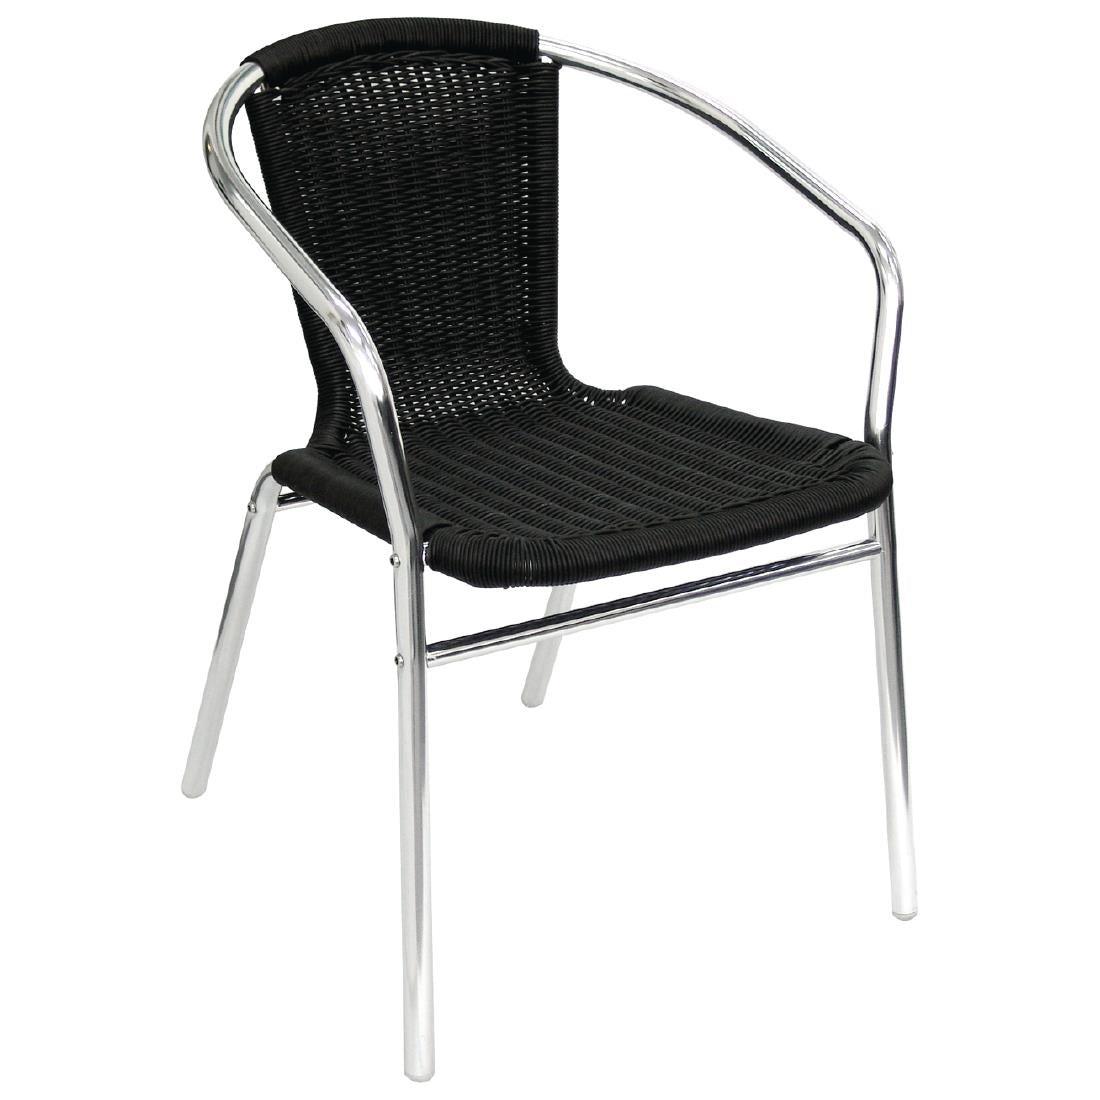 U507 - Bolero Wicker Chair with Aluminium Frame - Black Finish (Pack 4
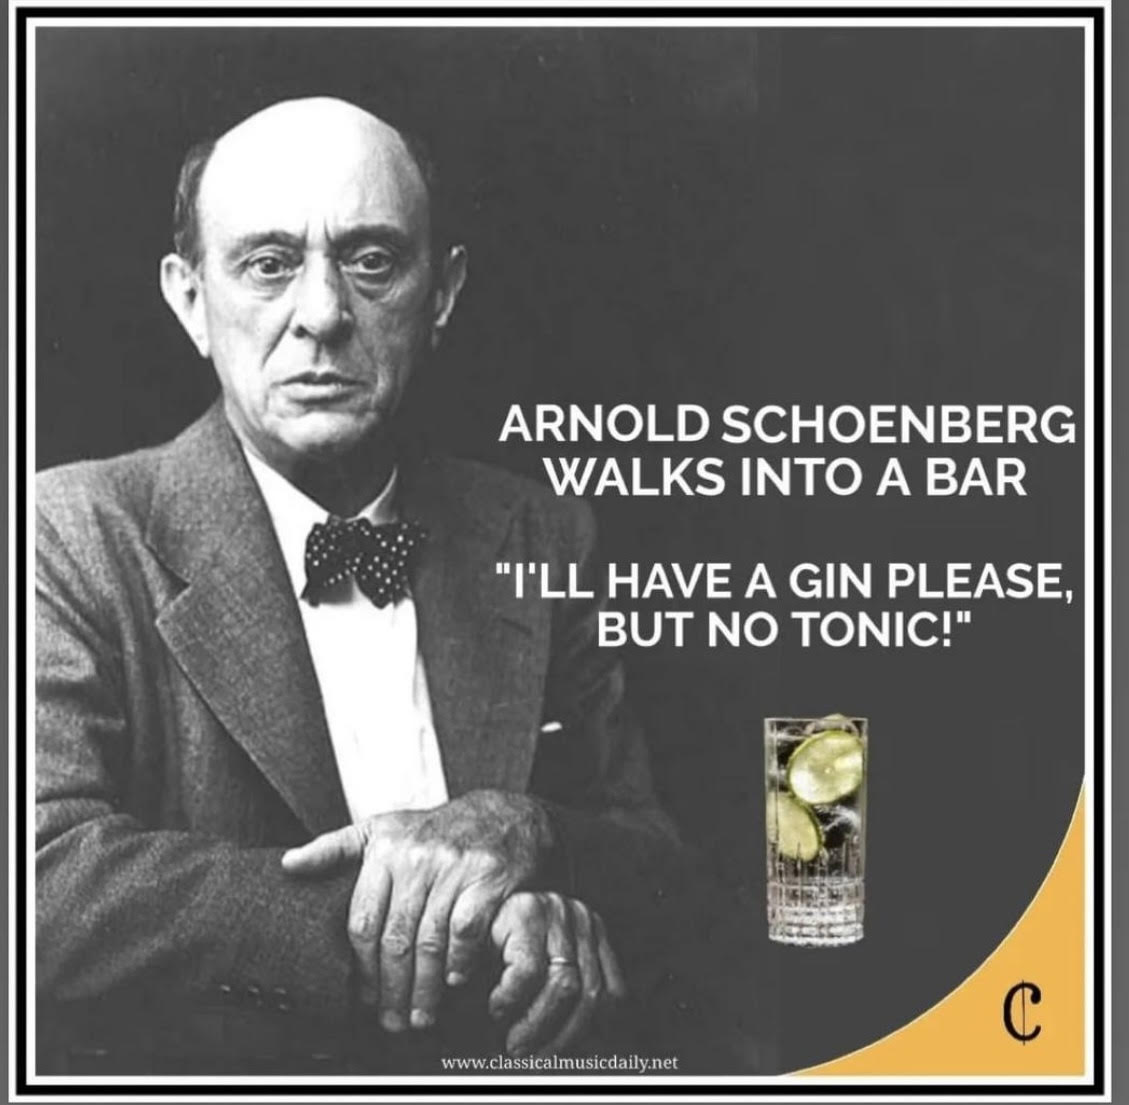 Arnold Schoenberg walks into a bar music joke
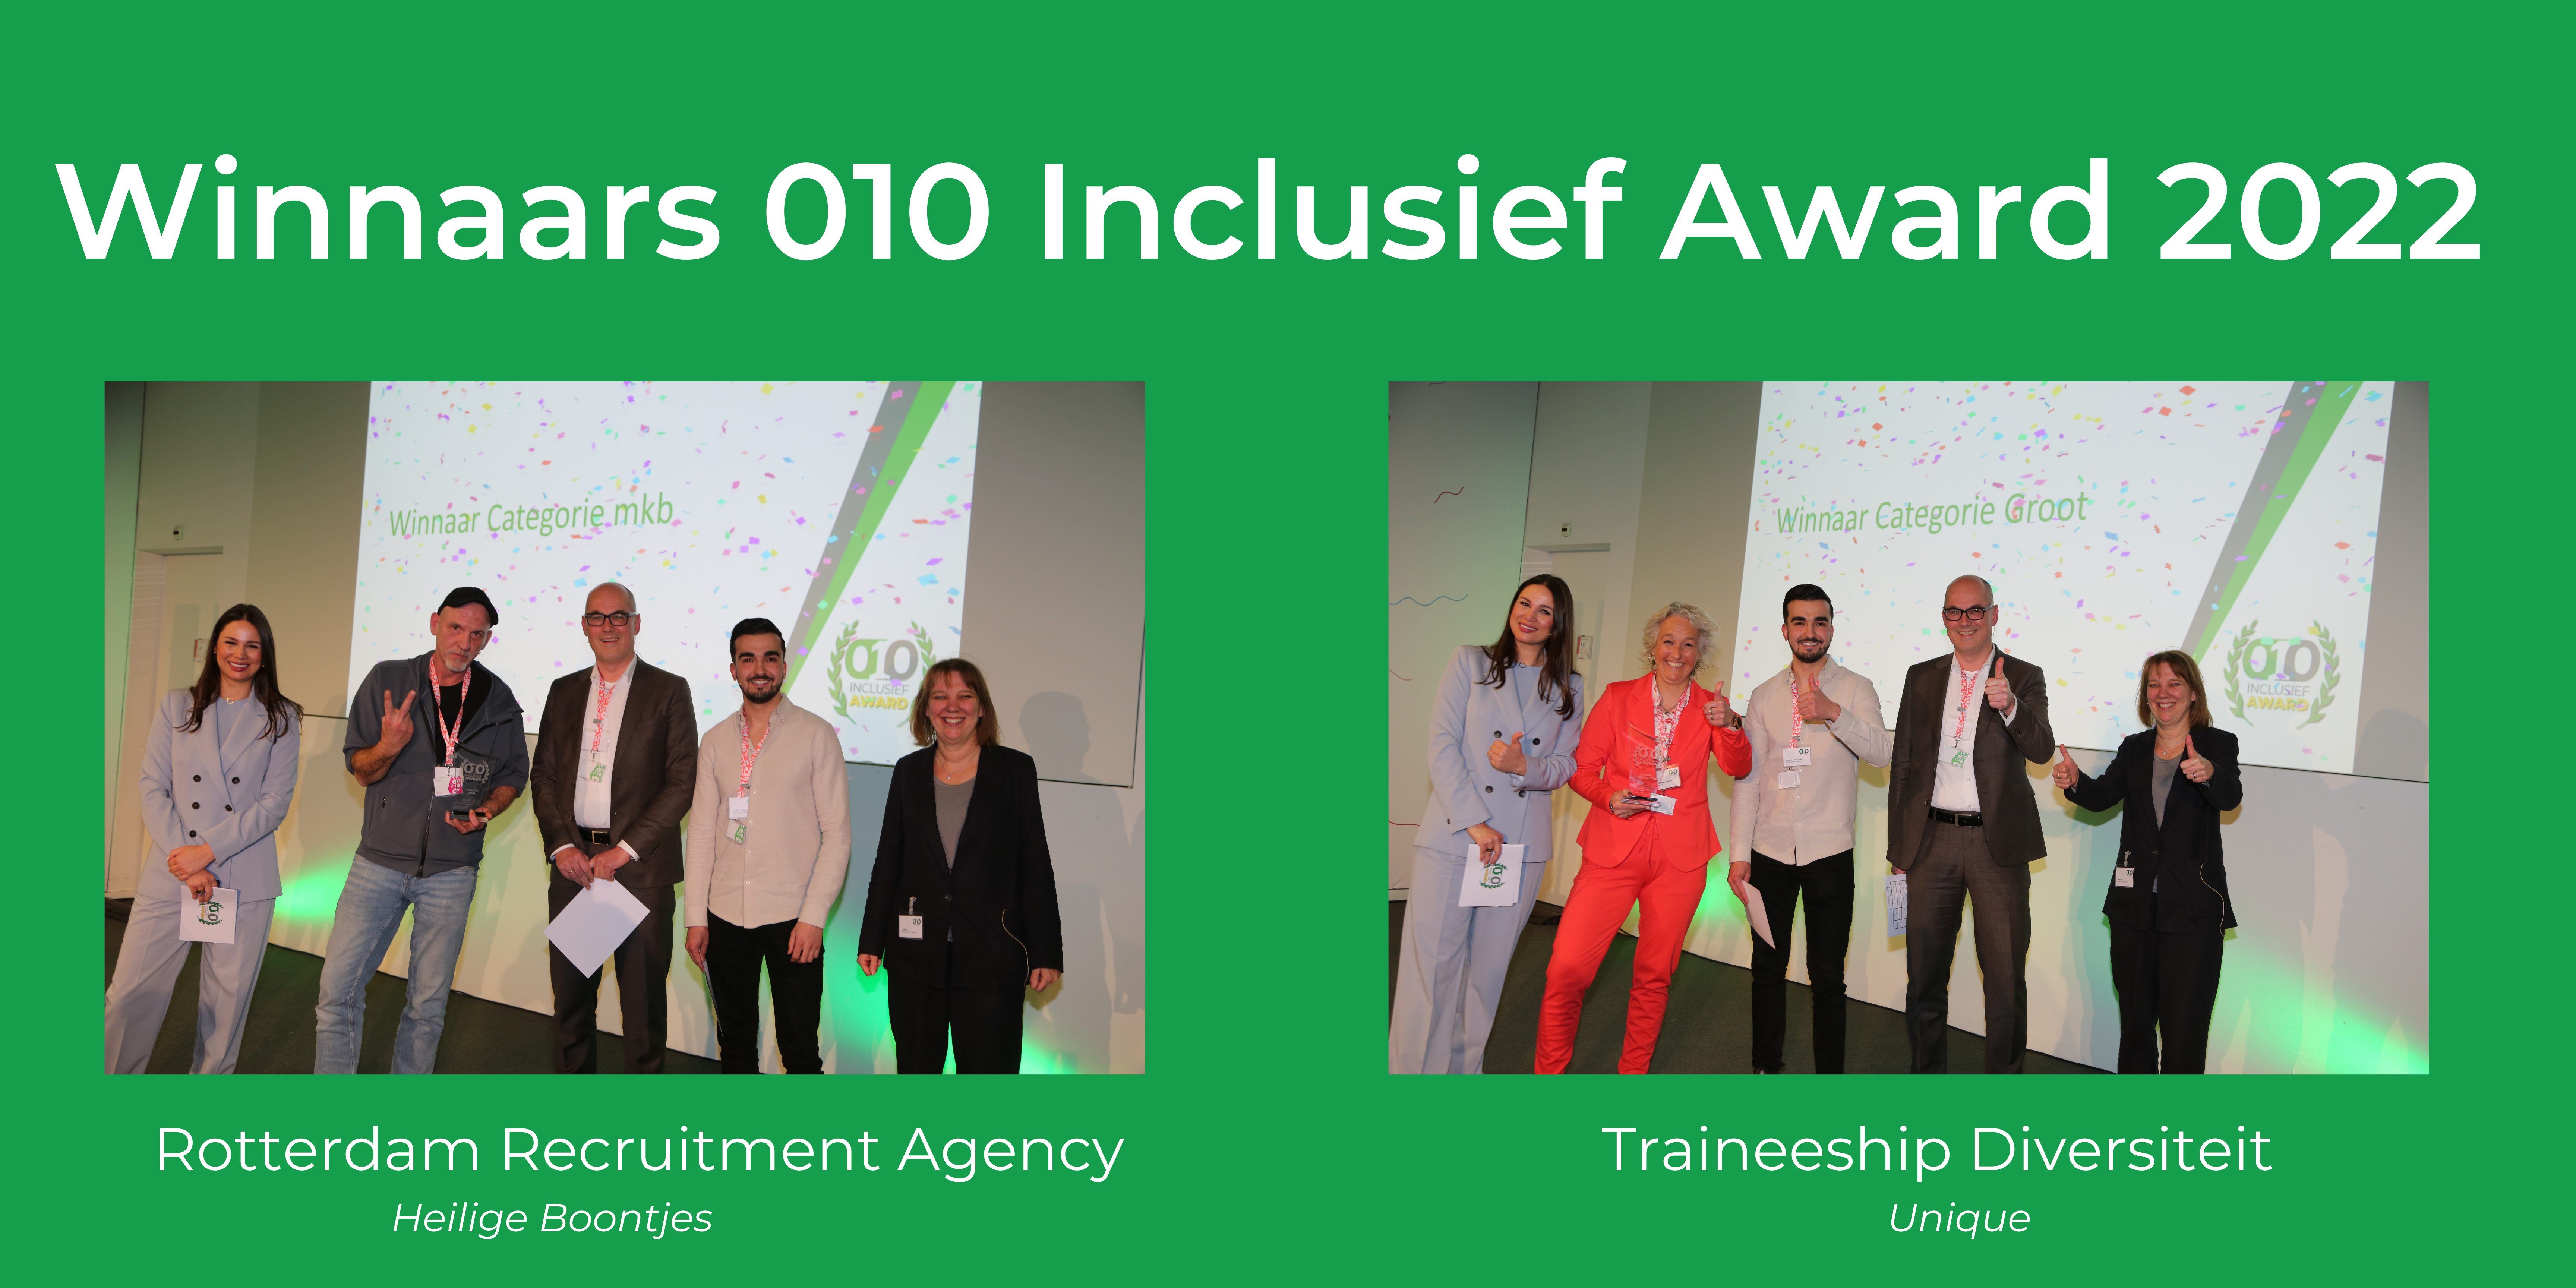 Rotterdam Recruitment Agency en Traineeship Diversiteit winnen de 010 Inclusief Award
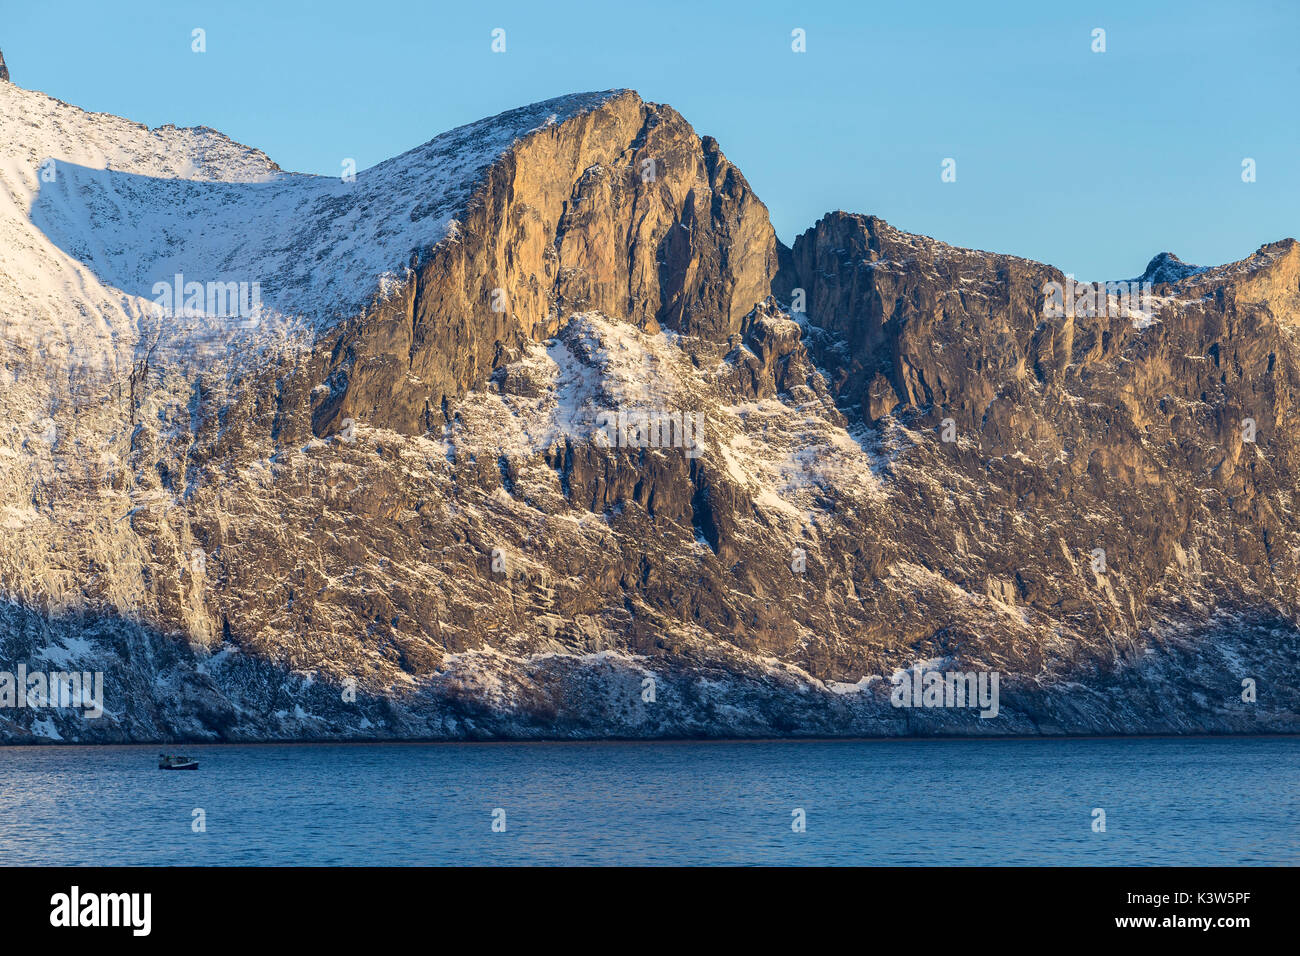 Angeln Boot segelt in Mefjorden mit imposanten Felswände dahinter. Mefjordvaer, Mefjorden, Senja, Norwegen, Europa. Stockfoto

______________________________

Pictures are to be omitted; otherwise, write out the data exactly as it appears.

Answer to this problem |
 U507 - Bolero Wicker Chair with Aluminium Frame - Black Finish (Pack 4
 Arnold Schoenberg walks into a bar music joke
 Rotterdam Recruitment Agency en Traineeship Diversiteit winnen de 010 Inclusief Award
 Angeln Boot segelt in Mefjorden mit imposanten Felswände dahinter. Mefjordvaer, Mefjorden, Senja, Norwegen, Europa. Stockfoto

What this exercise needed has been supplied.